Locate "LEGO Batman Batboat" in the listing. Transcribe the line that contains it and every line that follows, through the last, omitting all pictures.
◇ ◇ ◇
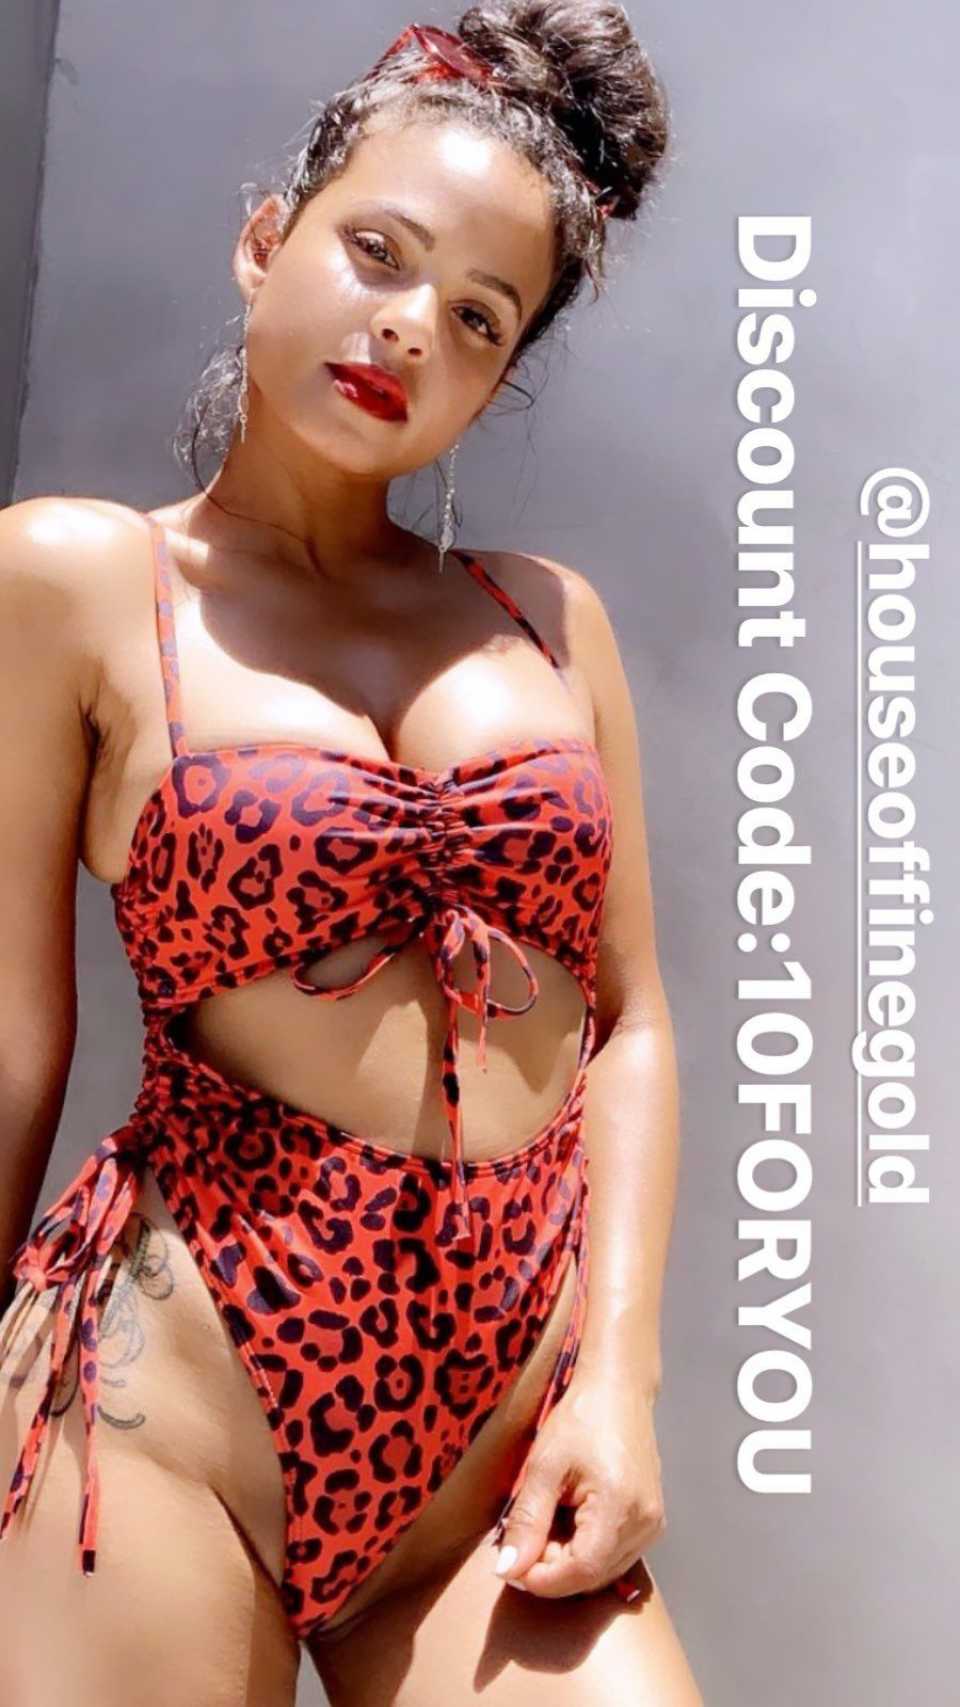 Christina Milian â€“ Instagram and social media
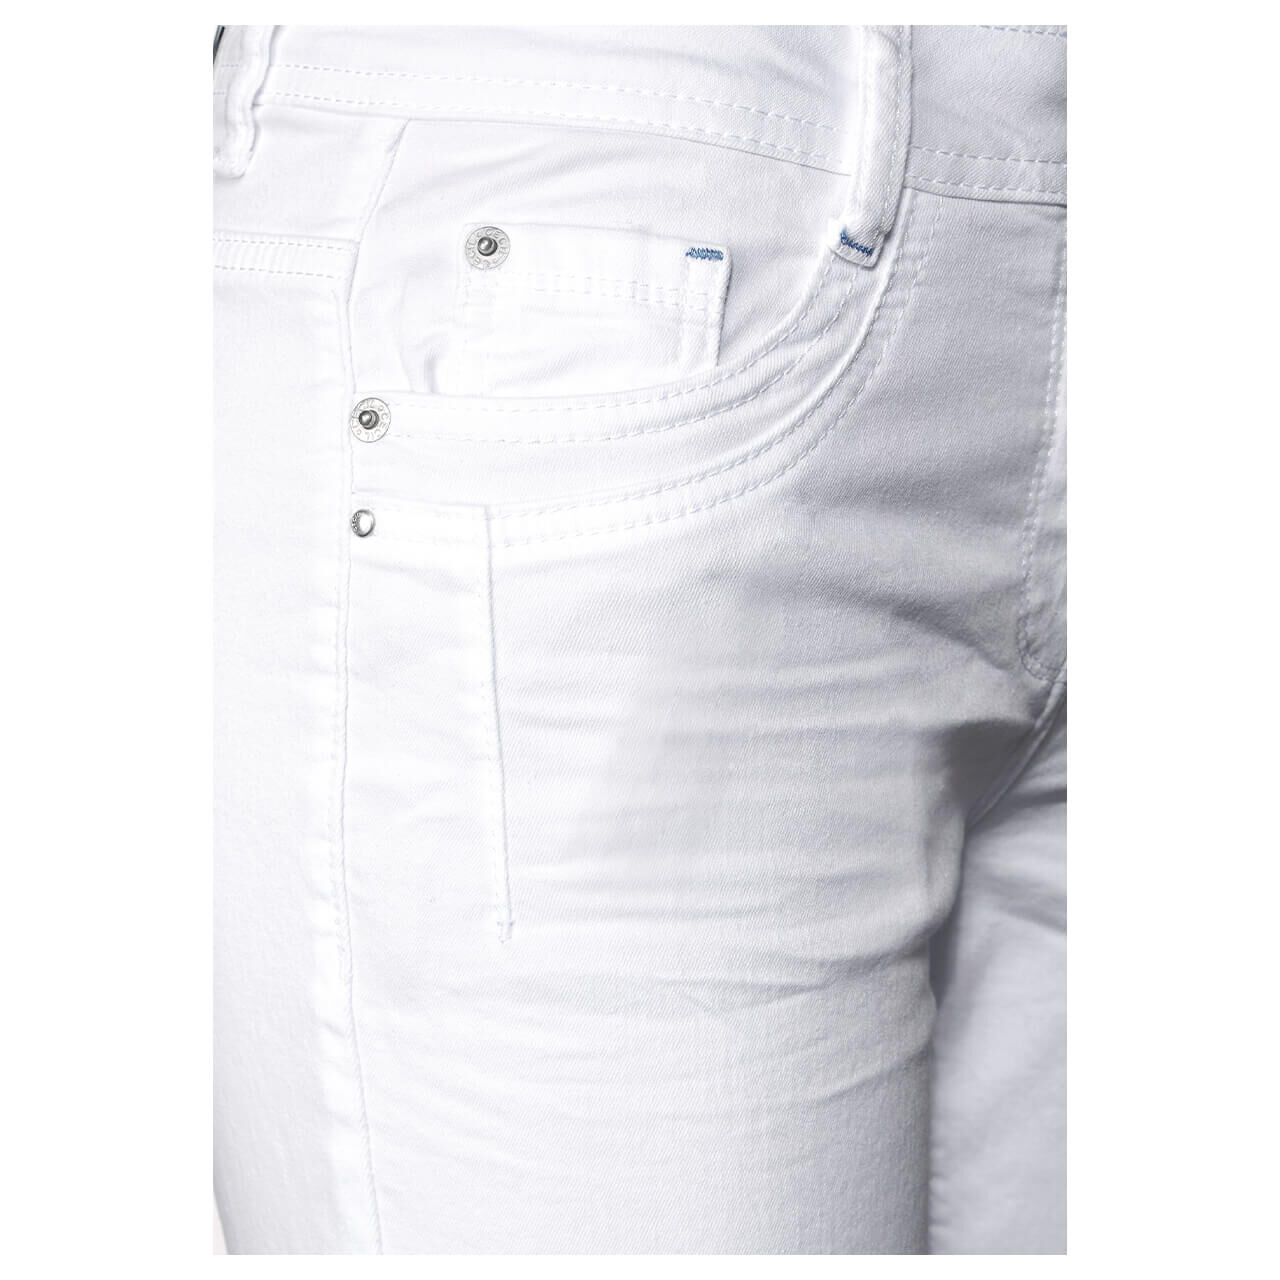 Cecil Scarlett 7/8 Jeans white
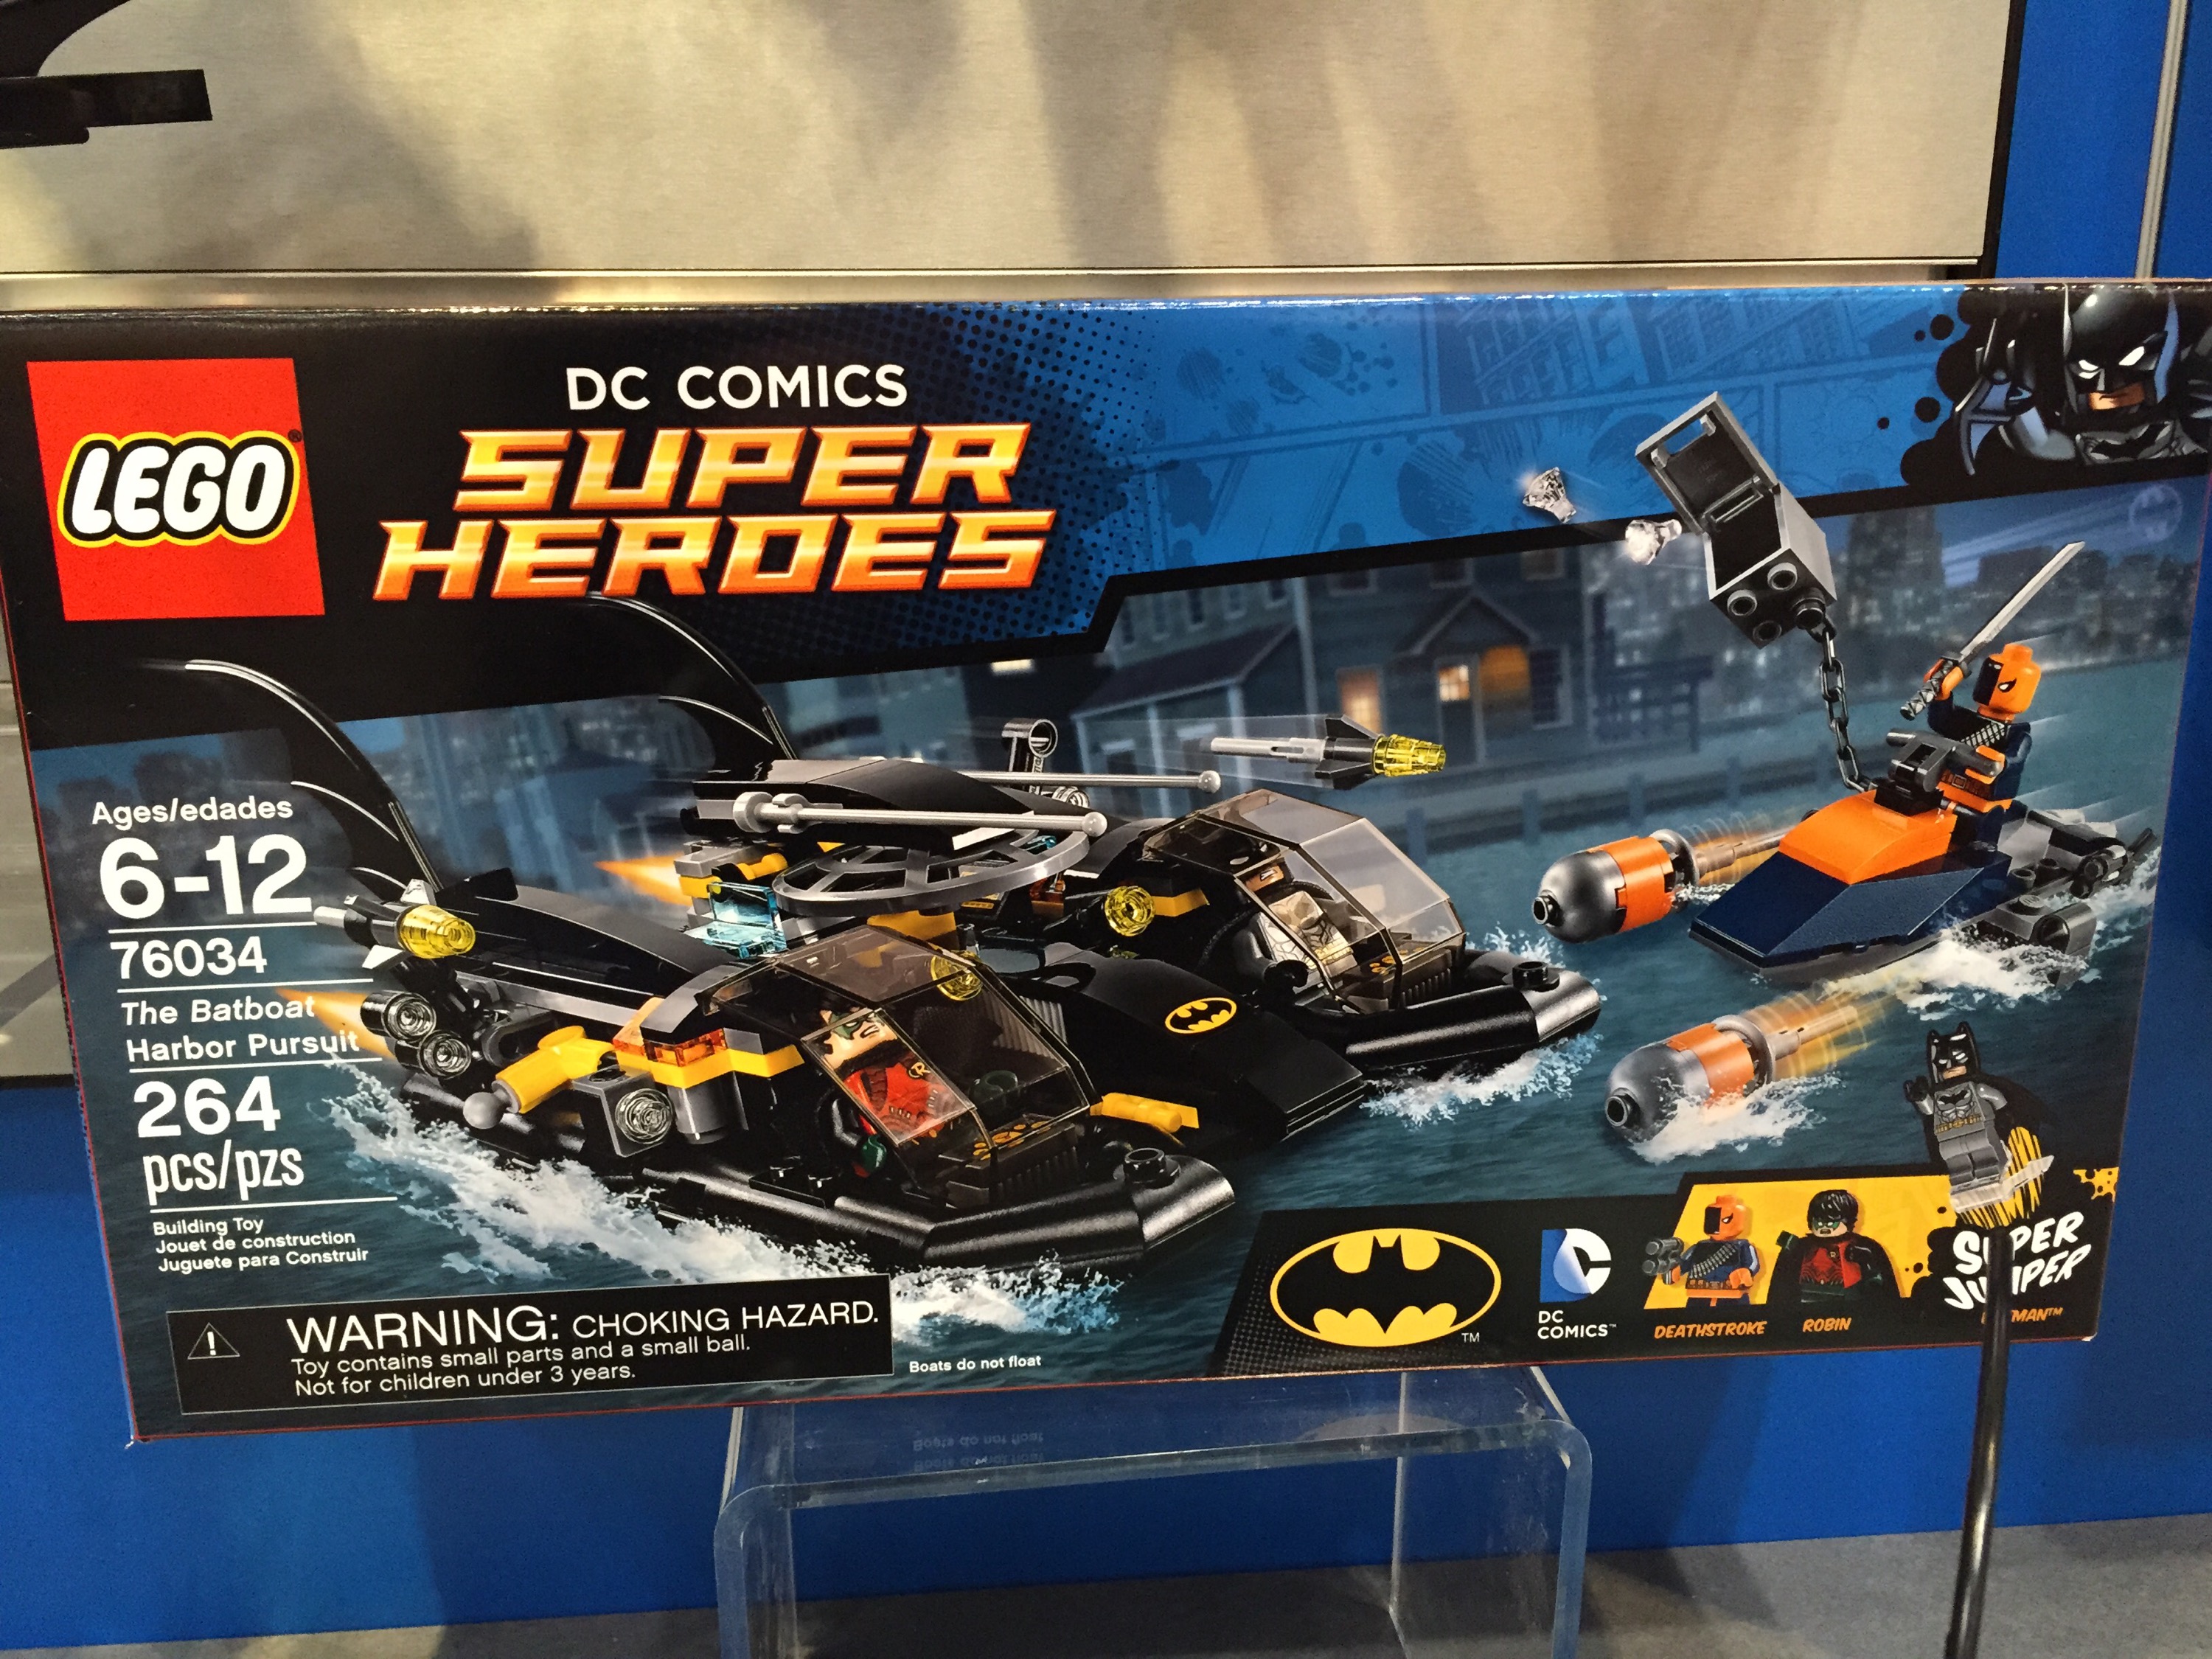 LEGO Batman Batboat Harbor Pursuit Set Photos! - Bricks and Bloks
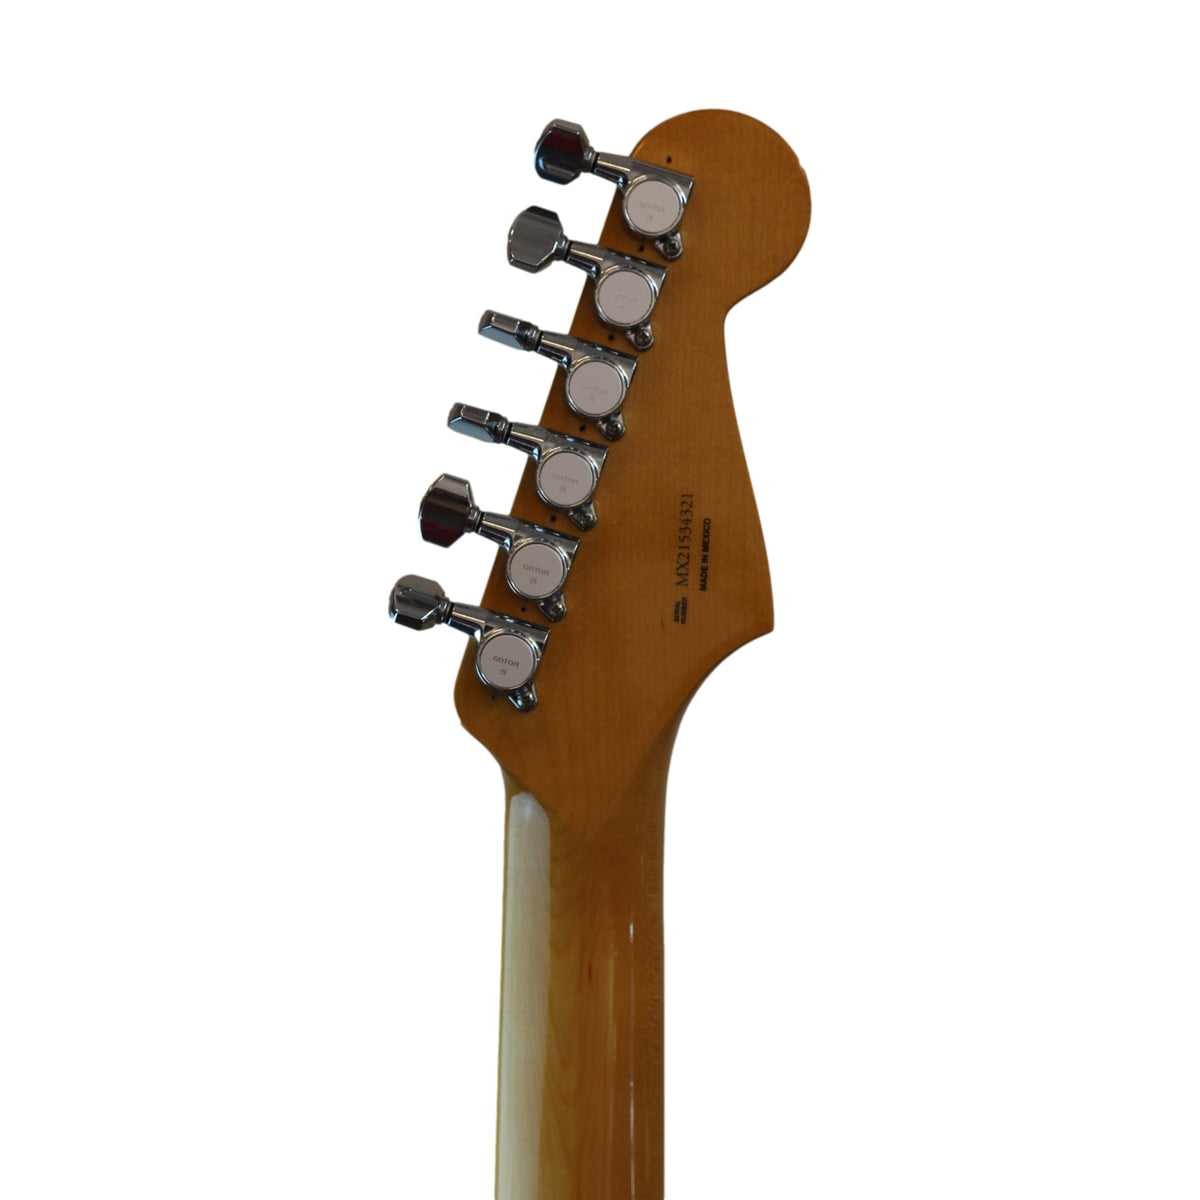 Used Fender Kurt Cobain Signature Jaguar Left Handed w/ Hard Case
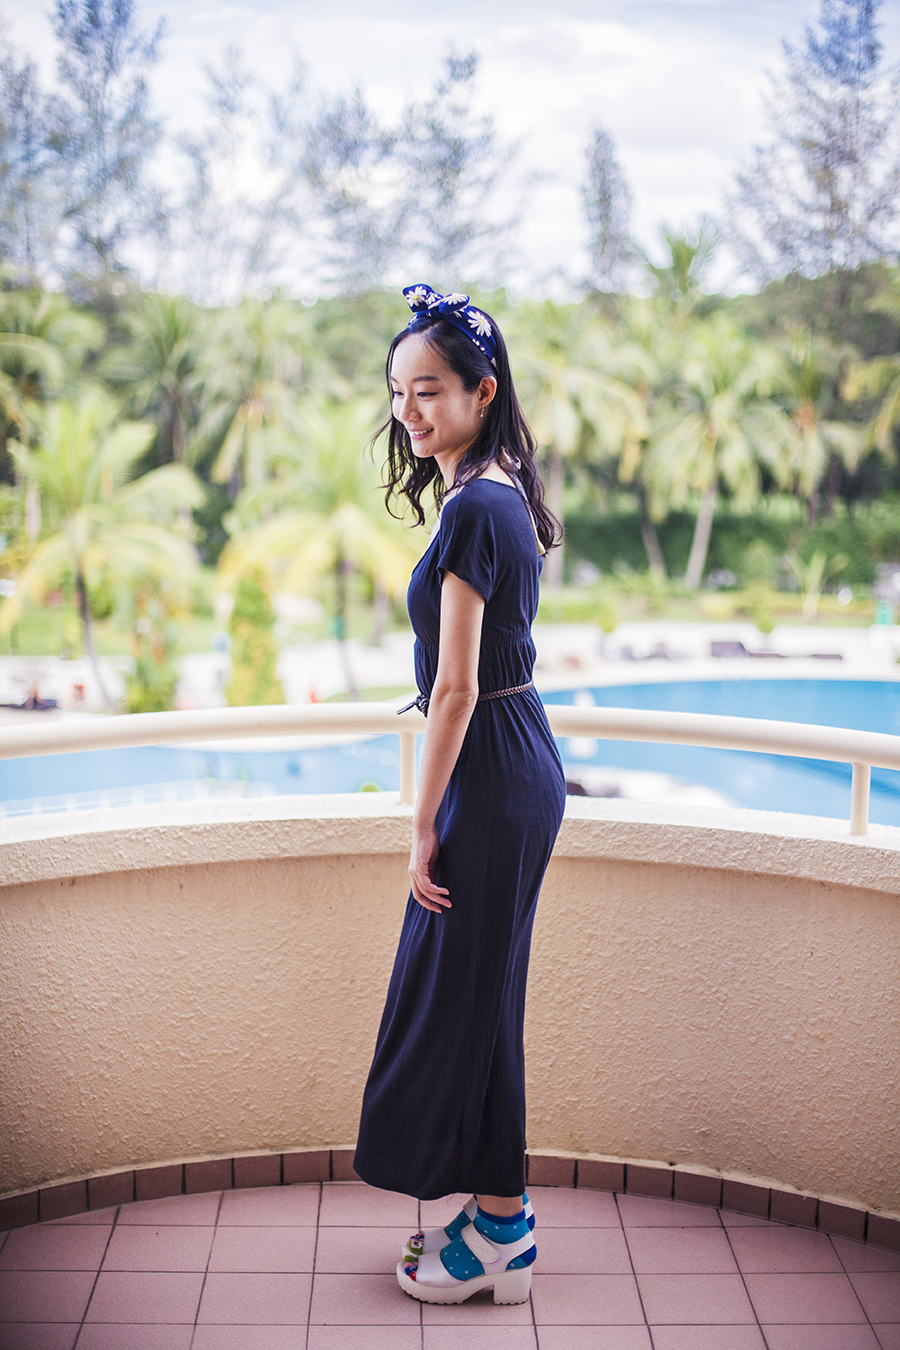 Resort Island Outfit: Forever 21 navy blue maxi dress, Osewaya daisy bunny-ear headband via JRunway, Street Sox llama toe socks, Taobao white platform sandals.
◇ ◇ ◇
* RESPONSE TO THIS EXERCISE
 LEGO Batman Batboat Harbor Pursuit Set Photos! - Bricks and Bloks
 Used Fender Kurt Cobain Signature Jaguar Left Handed w/ Hard Case
 Resort Island Outfit: Forever 21 navy blue maxi dress, Osewaya daisy bunny-ear headband via JRunway, Street Sox llama toe socks, Taobao white platform sandals.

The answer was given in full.